───── SUPPLIED DATA
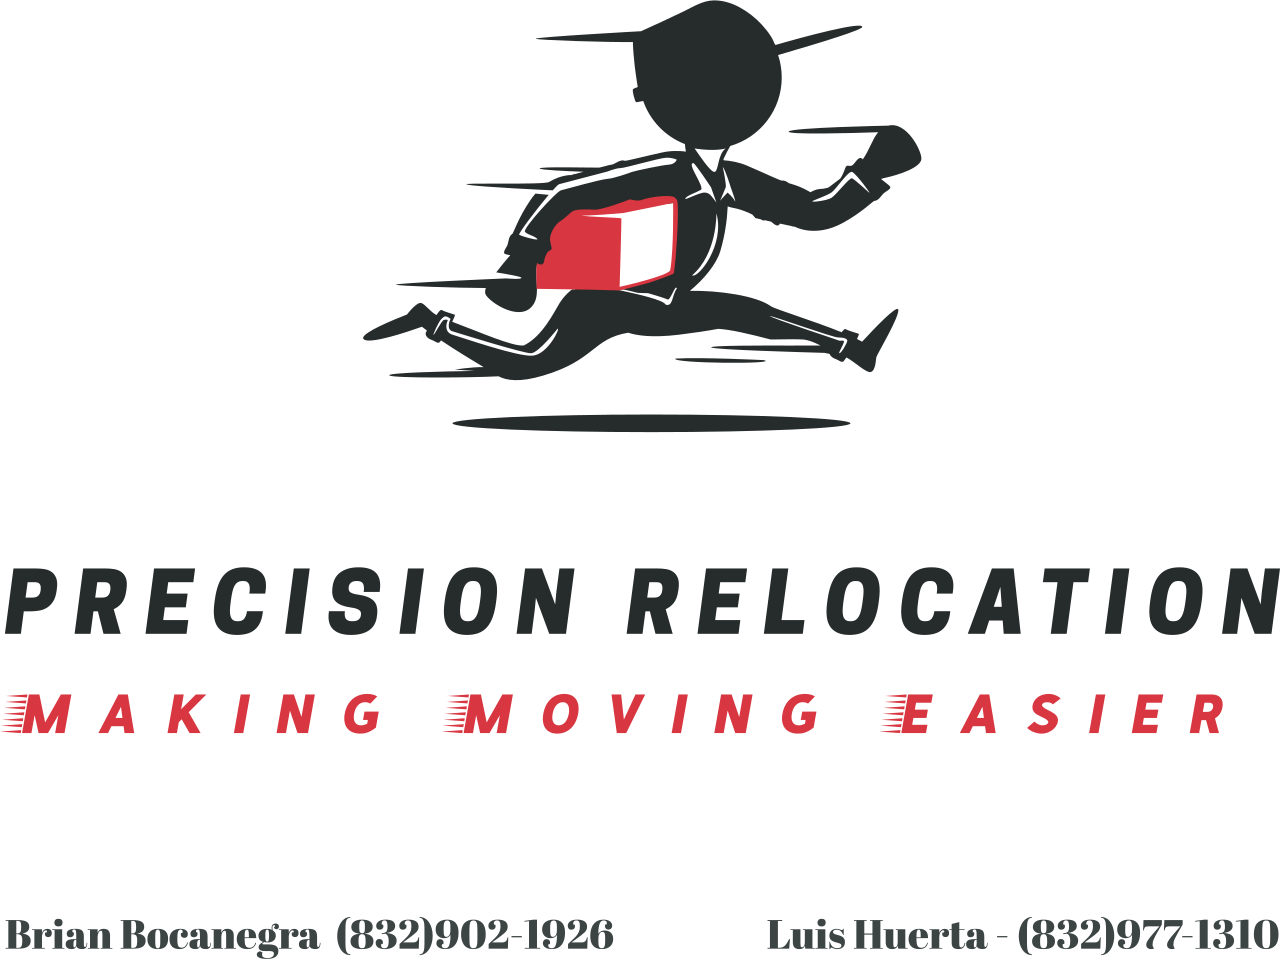 Precision Relocation's logo
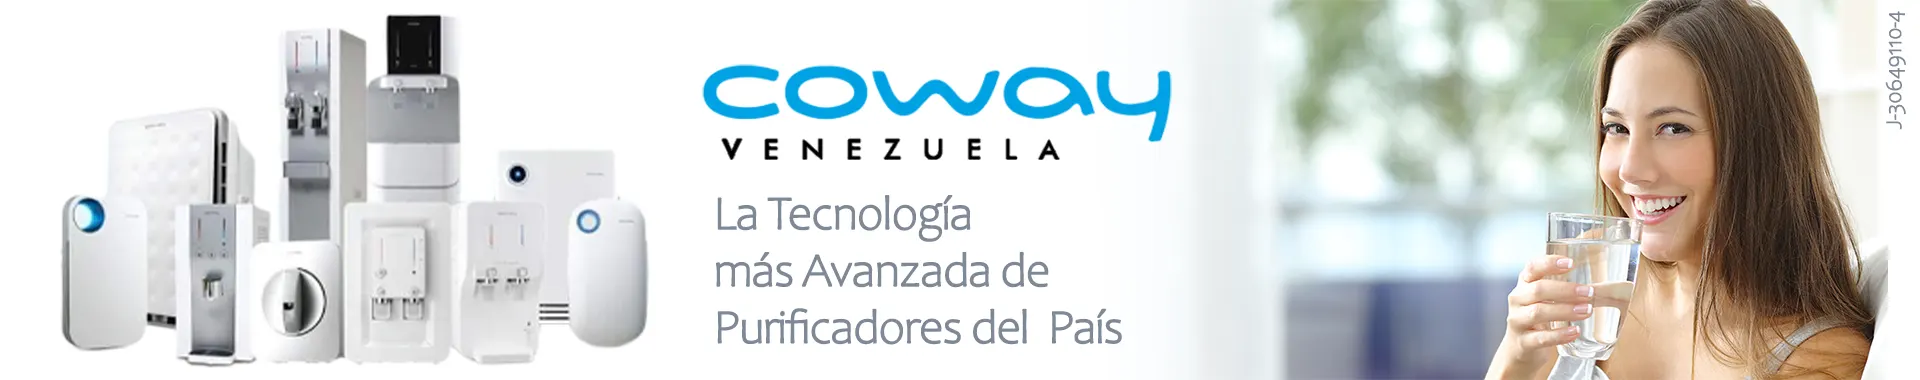 Imagen 2 del perfil de Coway Venezuela
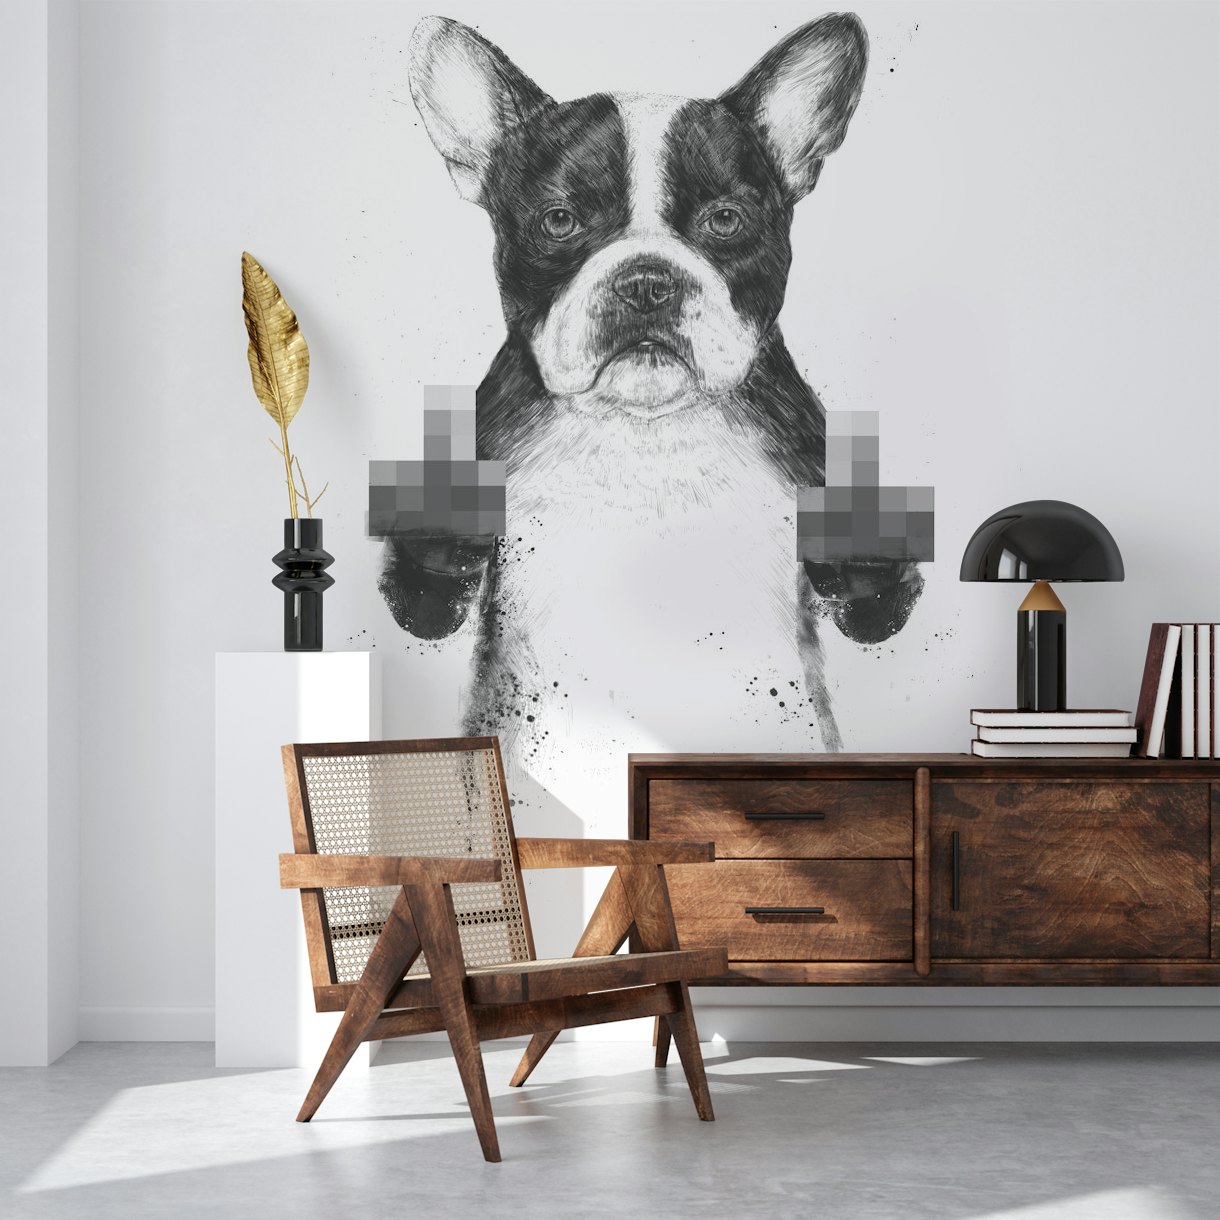 Censored dog wallpaper
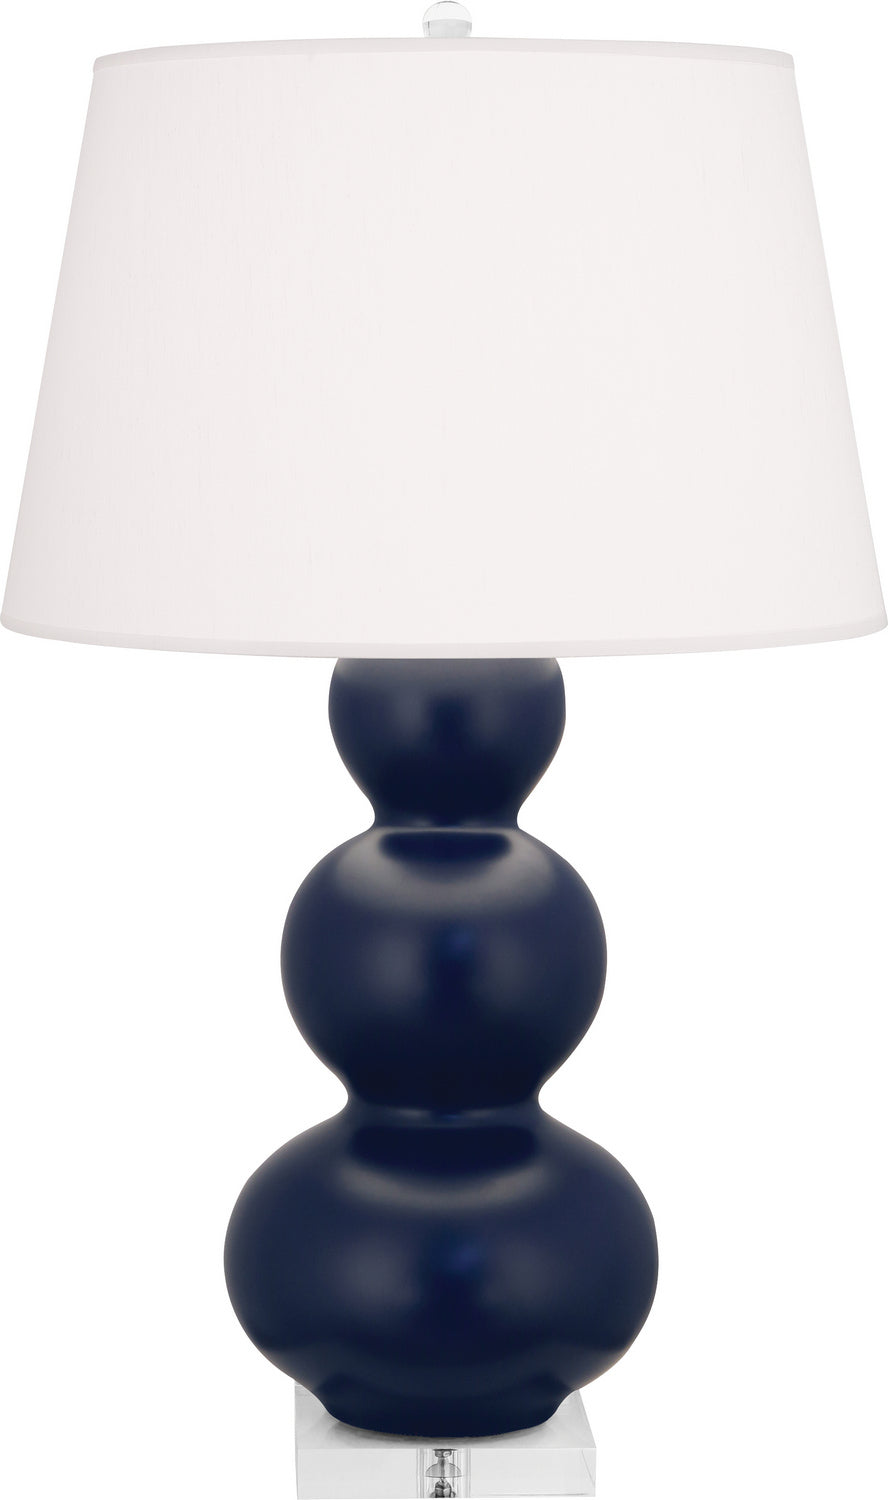 Robert Abbey - One Light Table Lamp - Triple Gourd - Matte Midnight Blue Glazed Ceramic w/Lucite Base- Union Lighting Luminaires Decor
──────────
▸ **ASSIGNMENT**: All of the material shown above needs to be duplicated exactly. Omit every picture.

▸ **YOUR RESPONSE**:
 Precision Relocation's logo
 Imagen 2 del perfil de Coway Venezuela
 Censored dog wallpaper
 Robert Abbey - One Light Table Lamp - Triple Gourd - Matte Midnight Blue Glazed Ceramic w/Lucite Base- Union Lighting Luminaires Decor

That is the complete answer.